Infuriated by Taiwan President Tsai Ing-wen’s meeting with U.S. House Speaker Kevin McCarthy in Los Angeles last week, Beijing conducted three days of drills, followed by combat training exercises on Tuesday to show it could forcefully take control of the island, which China claims as its own.
Making his first speech after receiving the Democratic Progressive Party’s (DPP) nomination, Lai contrasted Tsai’s defence of democracy with the stance taken by her predecessor, former president Ma Ying-jeou from the main opposition party, the Kuomintang or KMT, who visited China around the same time that Tsai was in the United States.
“Former President Ma walked back into the framework of the ‘One China’ principle, whereas President Tsai is on the democratic path,” Lai said.
“These will be the two completely different choices the country will face after 2024, so the 2024 election will decide Taiwan’s direction – on the continuation of a democratic system, the next generation’s happiness, as well as peace and stability in the Indo-Pacific.”
Ma, who held office from 2008 to 2016, is the first former Taiwanese president to ever visit China.
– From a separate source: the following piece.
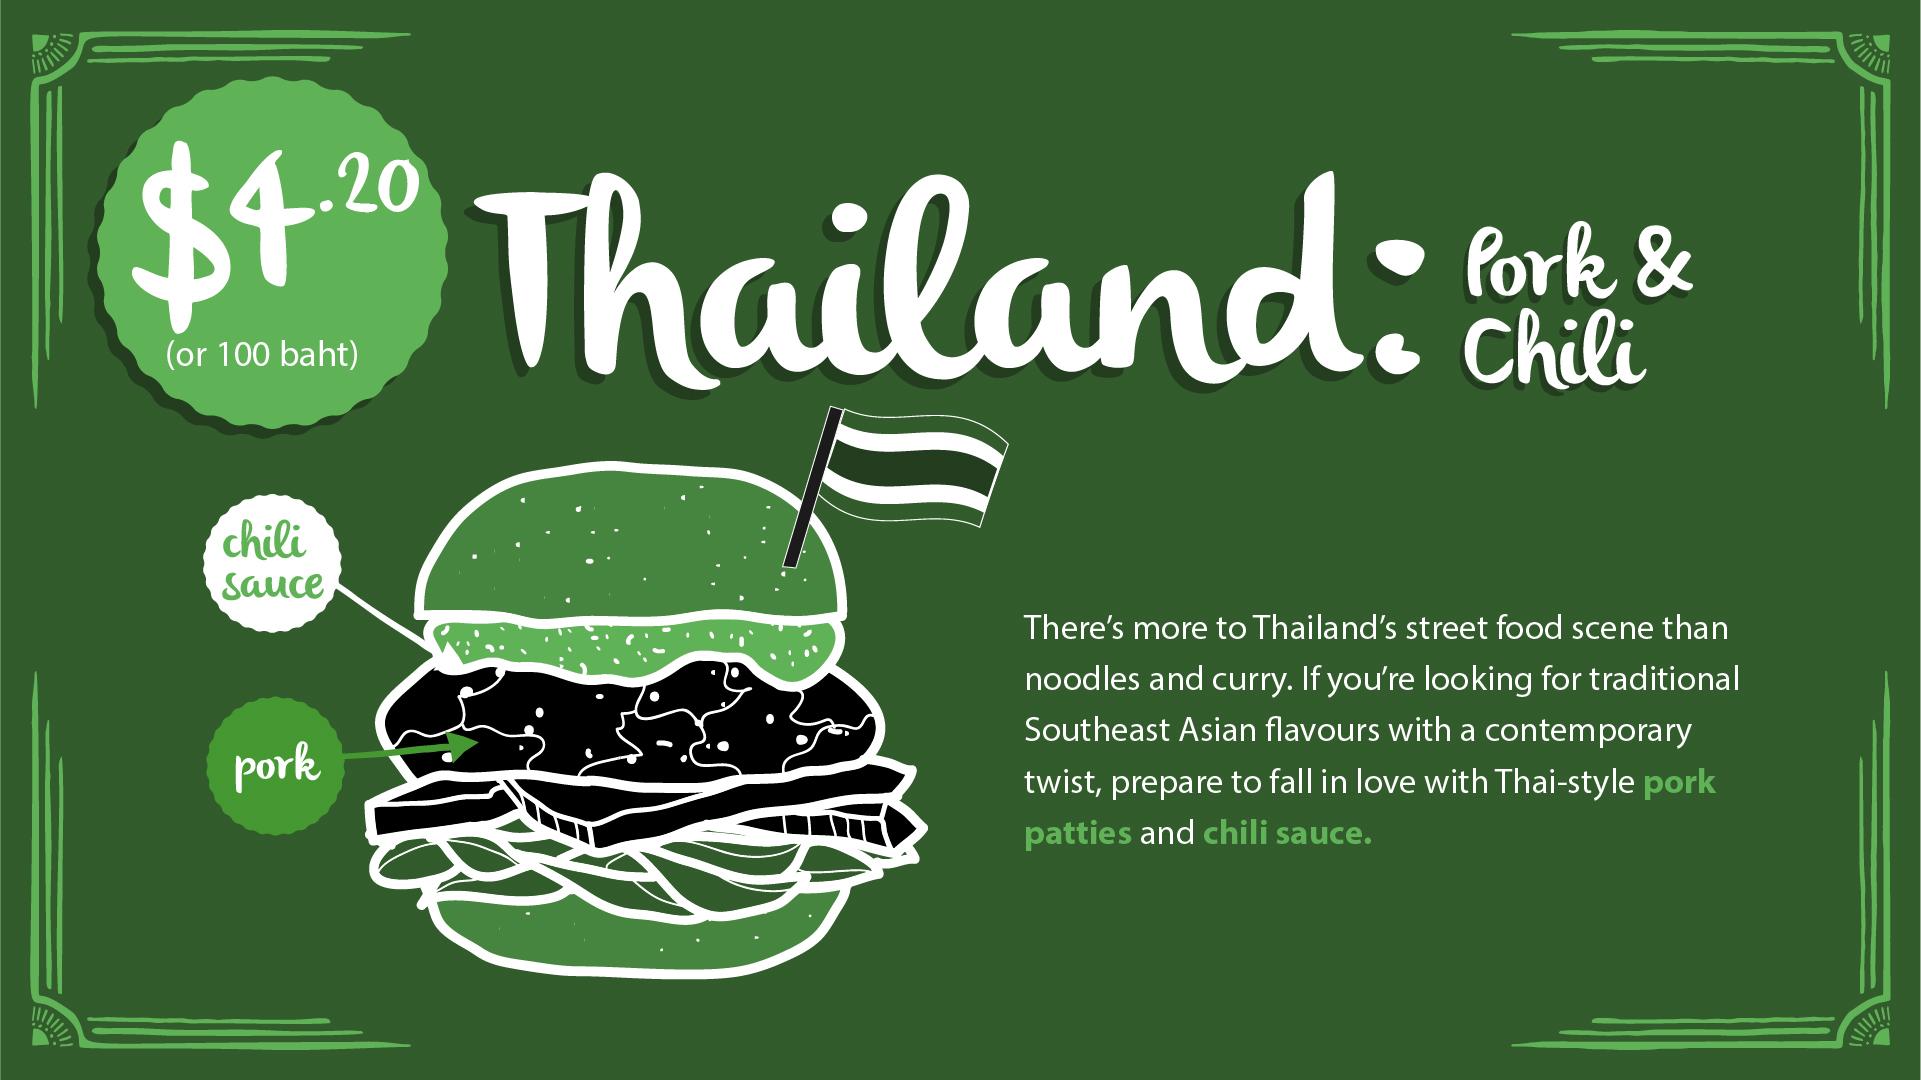 Thailand burger

Since the defeated Republic of China government fled to Taiwan in 1949 after losing a civil war to Mao Zedong’s communists, no serving island leader has visited China.
At the end of his trip, Ma said Tsai’s administration has led Taiwan into danger, forcing the island to choose “between peace and war.”
The DPP criticised Ma for failing to defend Taiwan’s sovereignty, but Ma said his trip proved that Taiwan and China could engage under the principle that both are part of a single China though each can have its own interpretation of the term.
Tsai and her government reject China’s sovereignty claims, saying only Taiwan’s people can decide their future. She has repeatedly offered talks with China but been rebuffed, with Beijing viewing her as a separatist.
As in the last election in 2020, which the DPP won handily by promising to stand up to China, relations with Beijing are likely to top the agenda in the coming election campaign.
Tsai cannot run again as president due to constitutional term limits, and Lai was the DPP’s only nominee, making the announcement a formality.
He had assumed the party’s chairmanship in January after Tsai resigned as chairwoman in November following the DPP’s trouncing at local elections.
The KMT, which traditionally favours close ties with Beijing, has not decided on its presidential candidate yet. Hou Yu-ih, the KMT mayor of New Taipei city, is considered to be a frontrunner.